The lines to extract begin at the line that contains "daniel Zoltan nyiri" and run through the last line of the listing; reproduce them exactly, minus any pictures.

* **Data**
· · · · · · ·

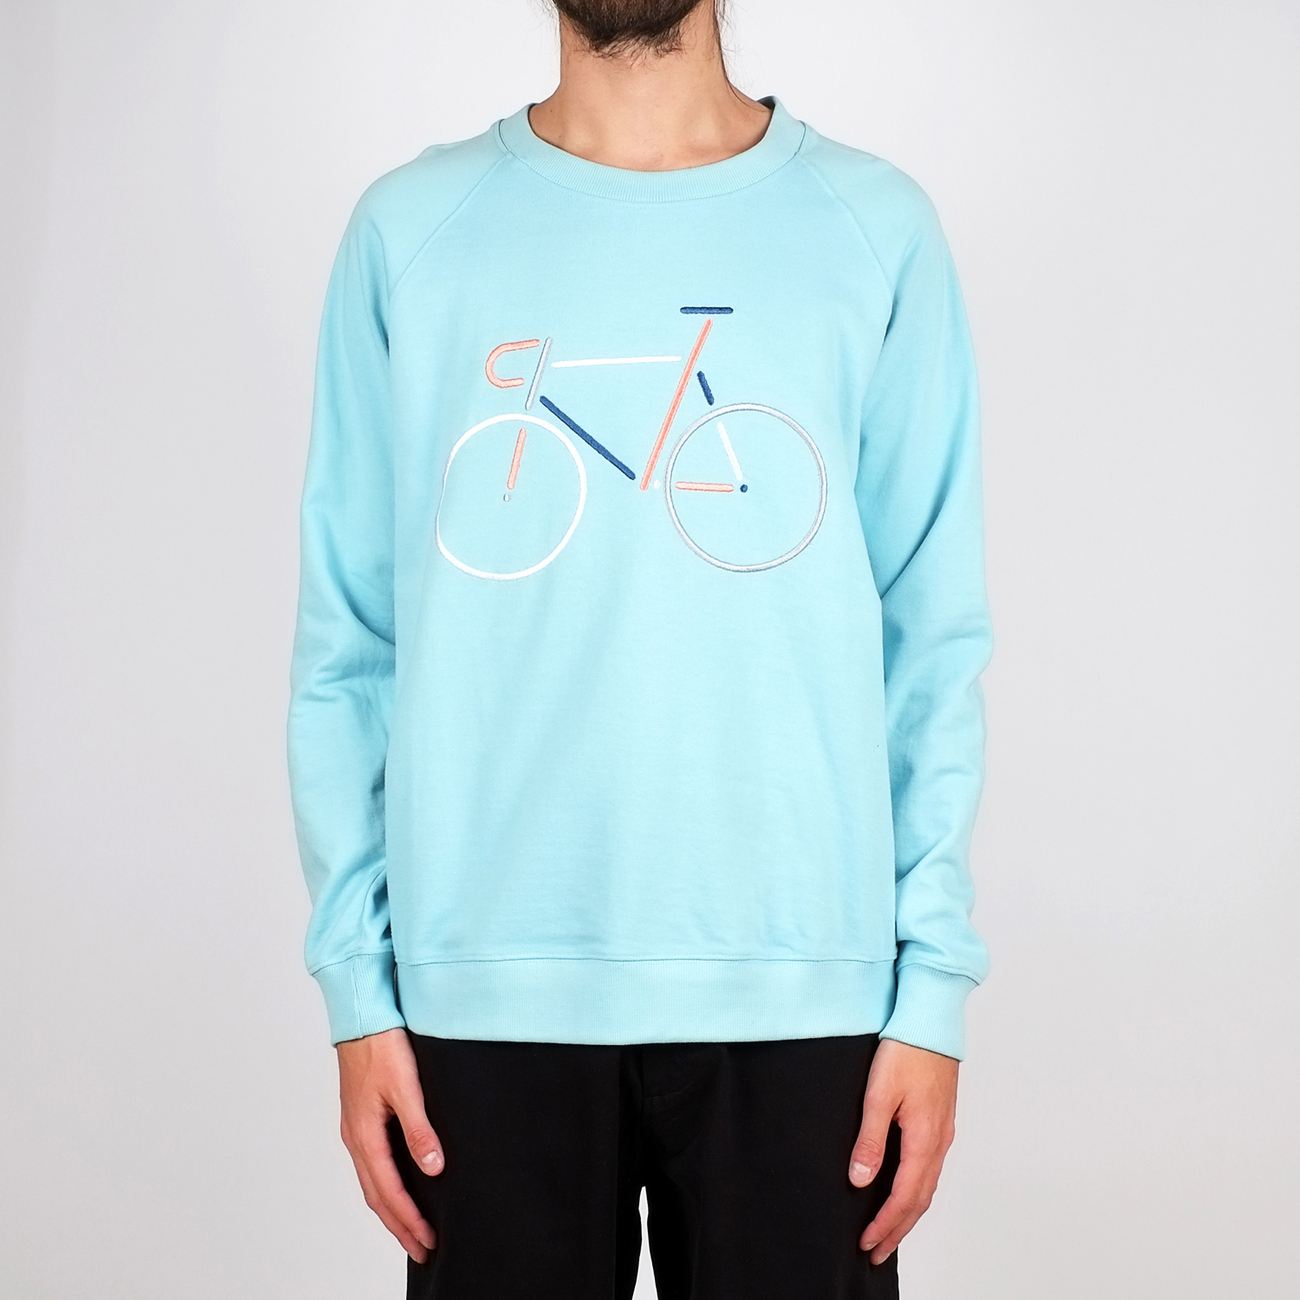 Sweatshirt Malmoe Color Bike Embroidery Beach Blue
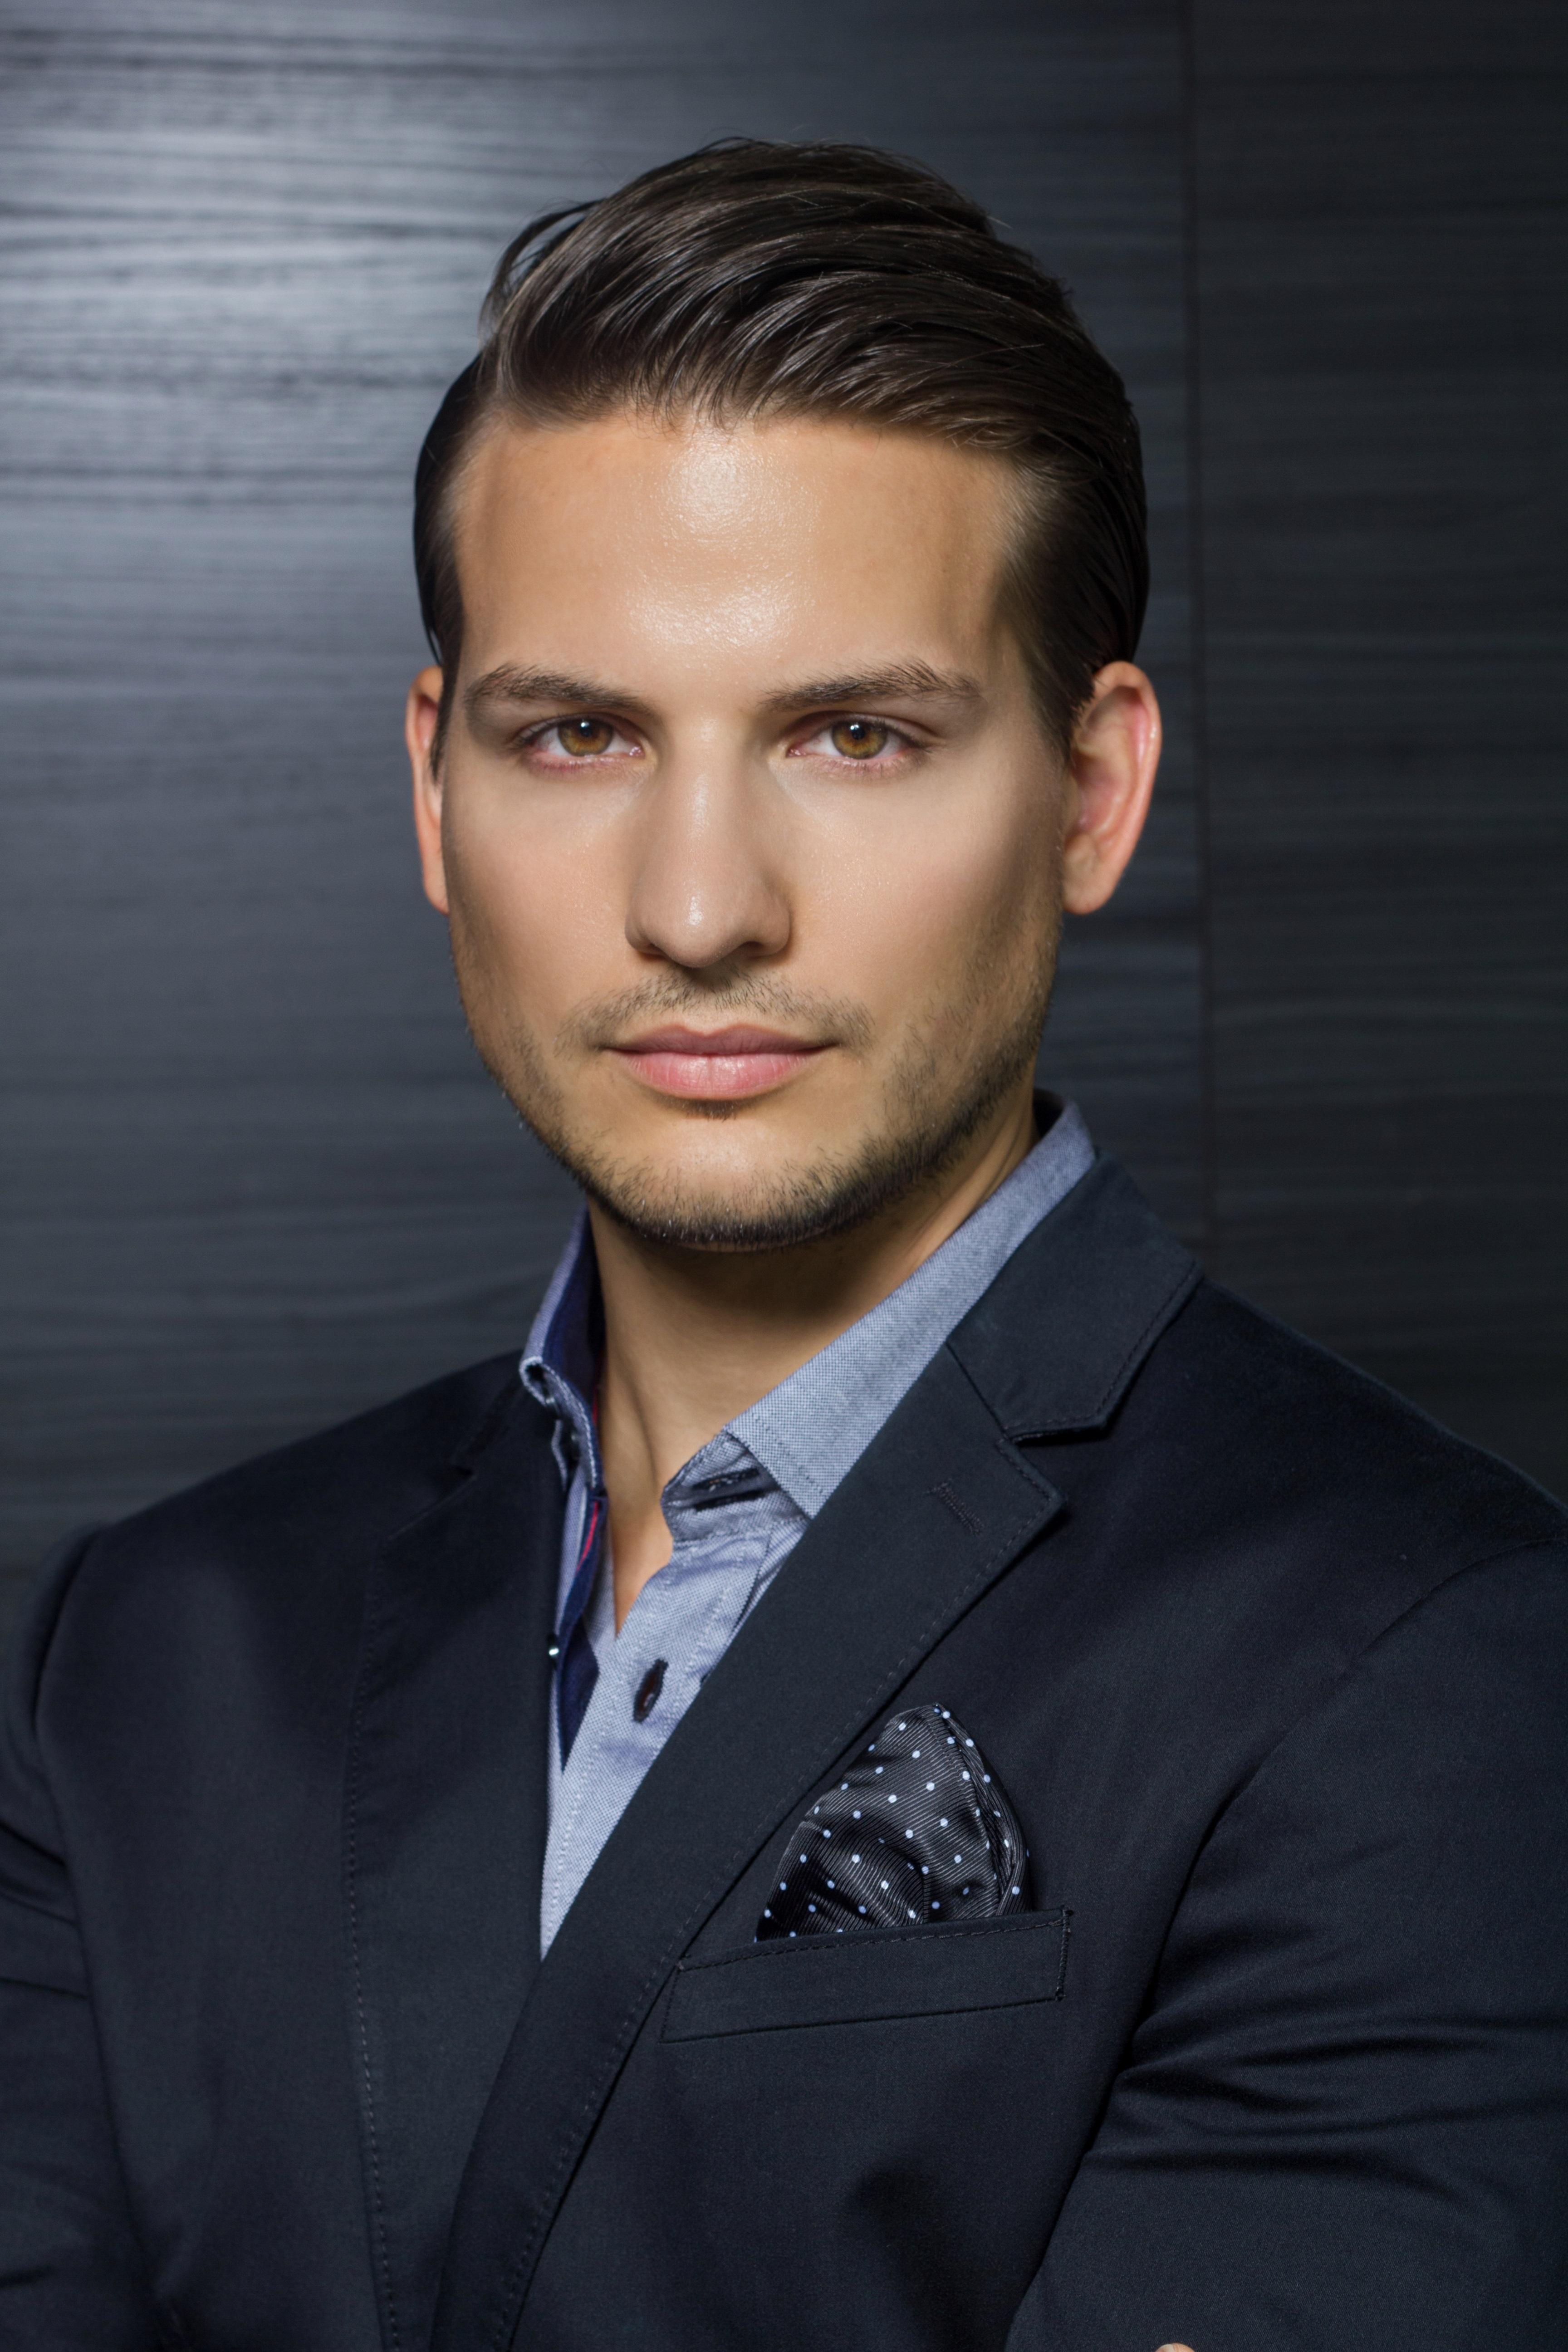 daniel Zoltan nyiri fashion model personal trainer entrepreneur owner of 4u fitness
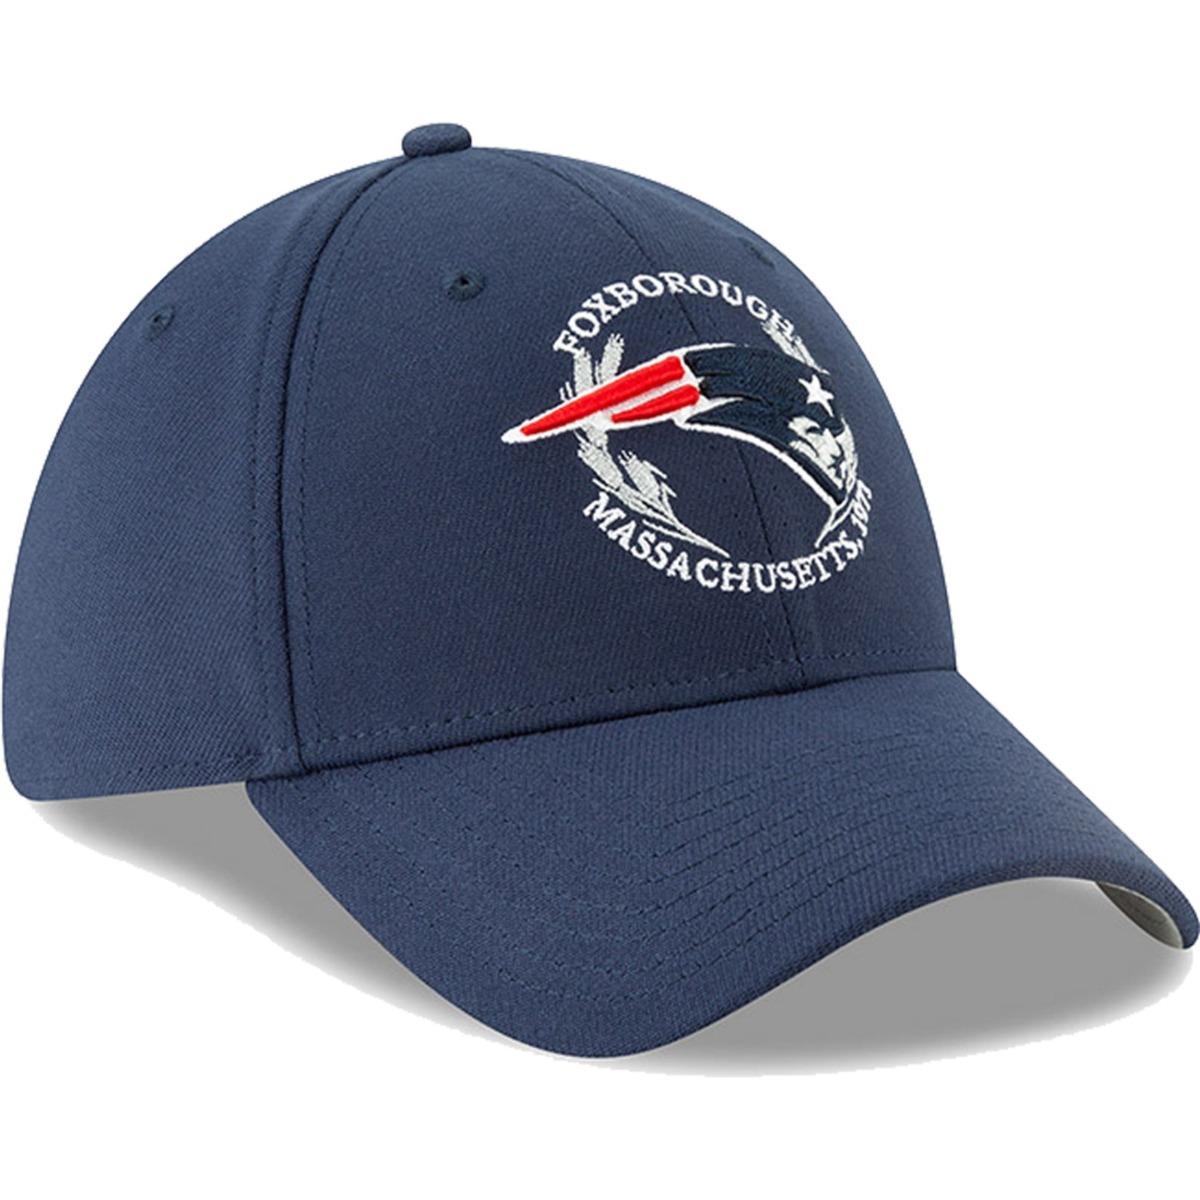 e7d280947054 Gorra New England Patriots New Era 2019 Nfl Draft On-stage

· · · · · · ·

* **Answer area**
 daniel Zoltan nyiri fashion model personal trainer entrepreneur owner of 4u fitness
 e7d280947054 Gorra New England Patriots New Era 2019 Nfl Draft On-stage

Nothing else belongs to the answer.